July 10, 2003
Consumer Preference Research Showcased on Food TV
When selecting comfort food, men tend to choose hearty meals. Women, on the other hand, choose snacks that require little or no preparation. Comfort foods are the subject of "Top 5," a broadcast of the Food Network, on Monday, July 14, at 9 p.m. CST (see table for additional times). The show interviewed Business Administration Professor Brian Wansink in his lab and at Elis Cheesecake factory near Chicago. Other locations were a Southern restuarant, an ice cream social, and the Campbell's soup factory.
"Top 5" will feature five of the more popular comfort foods: chocolate, ice cream, fried chicken, soup, and macaroni and cheese.
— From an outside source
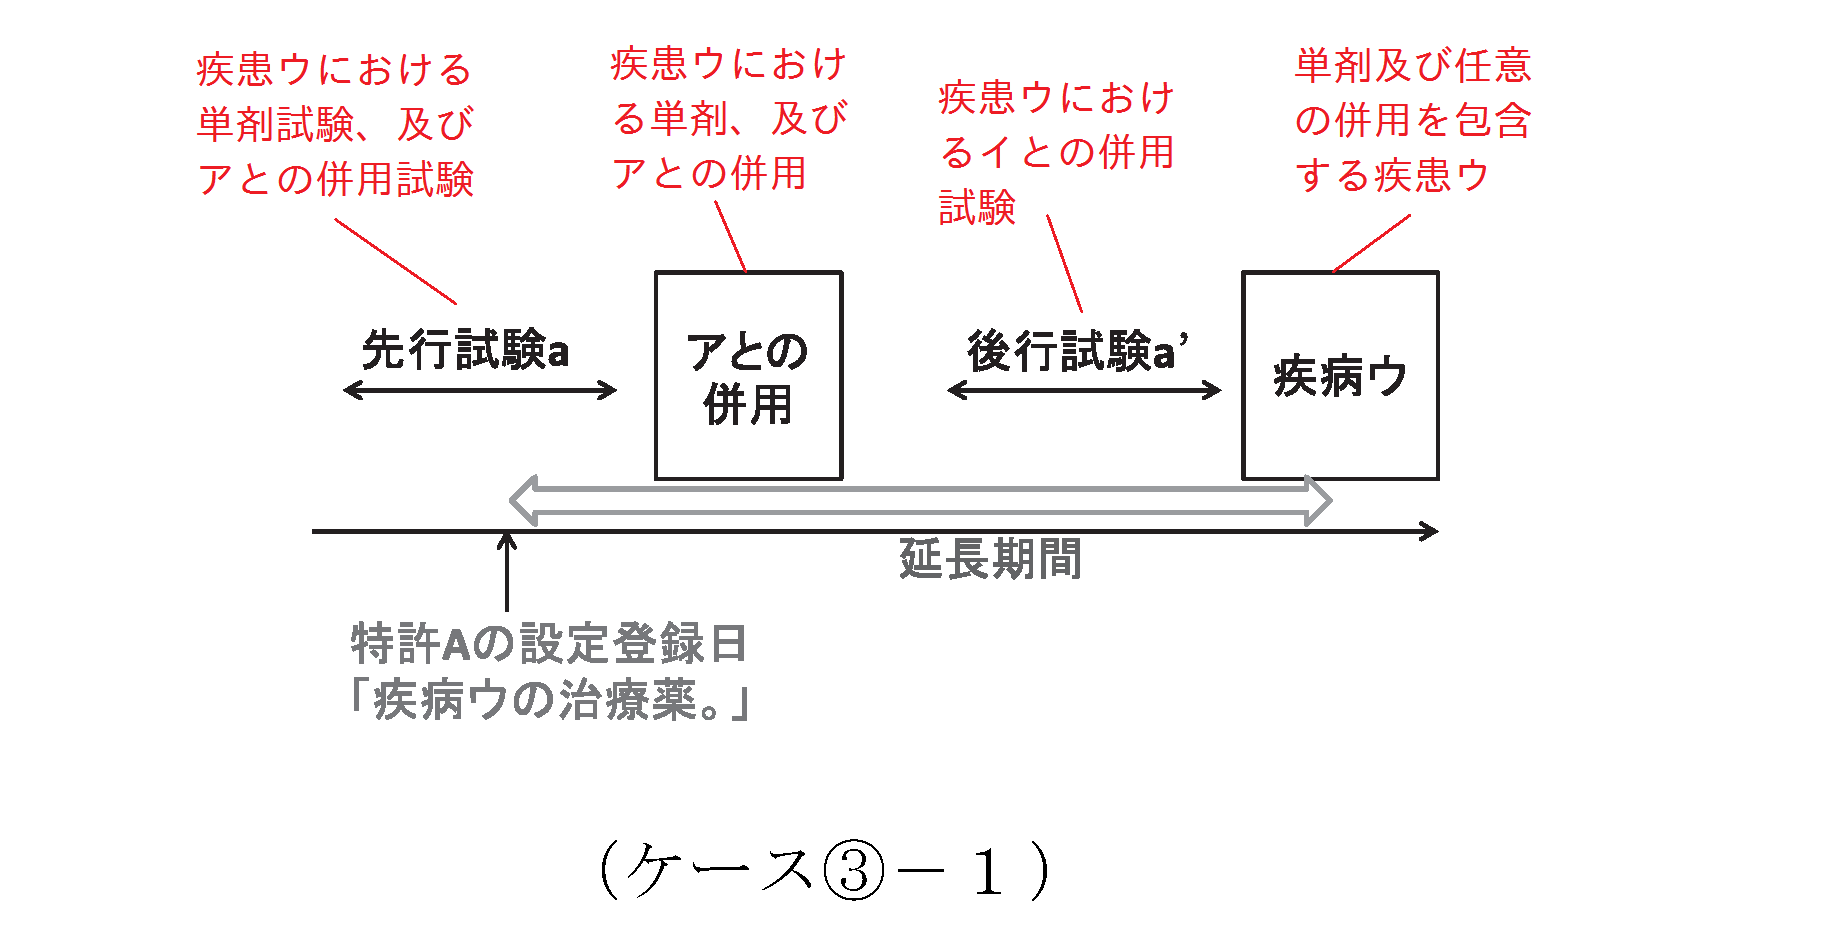 2020shimizu_fig21Ln1.png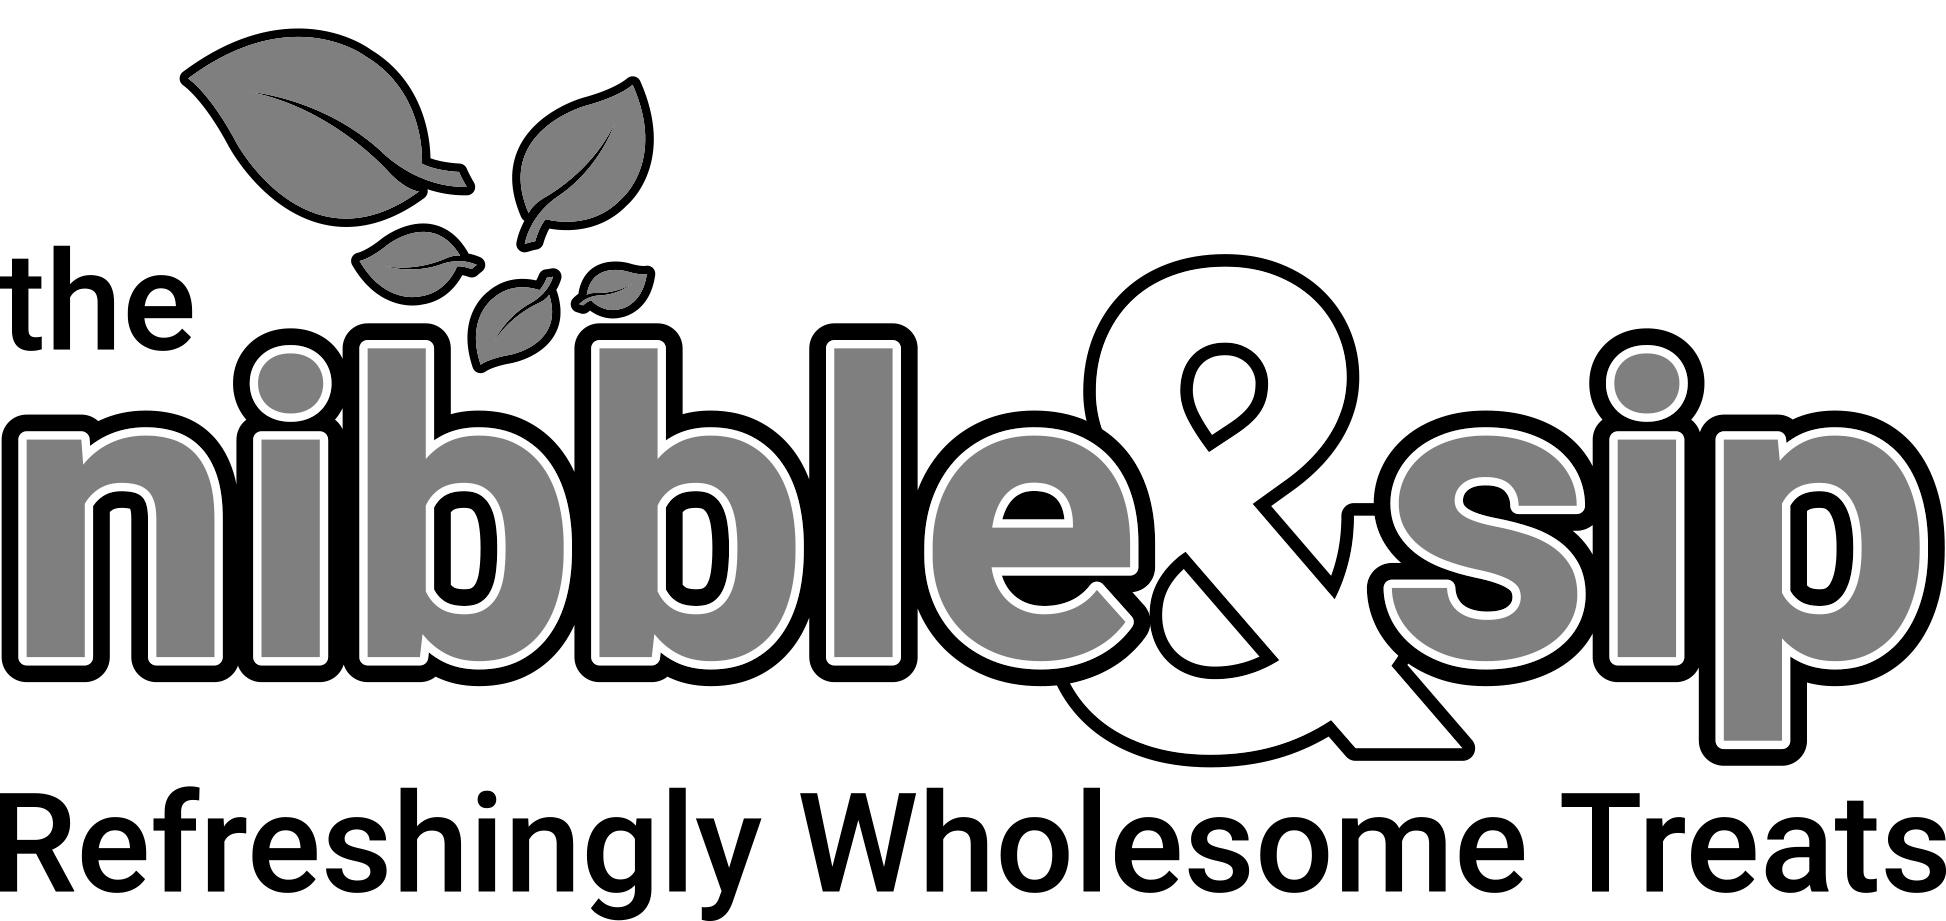 The-Nibble-&-Sip-LogoV2.jpg

Part of the show, which is where Wansink's research comes in, is how comfort food associations are formed and why men and women differ in their choices.
The psychological underpinnings of peoples food preferences have been a continuing source of study at the Food and Brand Lab, directed by Wansink. Using information collected in national survey questionnaires, the lab has concluded that comfort-food preferences are formed early and are triggered by conditioned associations and gender differences.
For men, food prepared by their mothers are the comfort food of choice. Mashed potatoes, pasta, meat, and soup lead their list. Those foods, however, represent work to women, who tend to select less labor-intensive comfort food. One study found that 92 percent of self-reported "chocolate addicts" were female.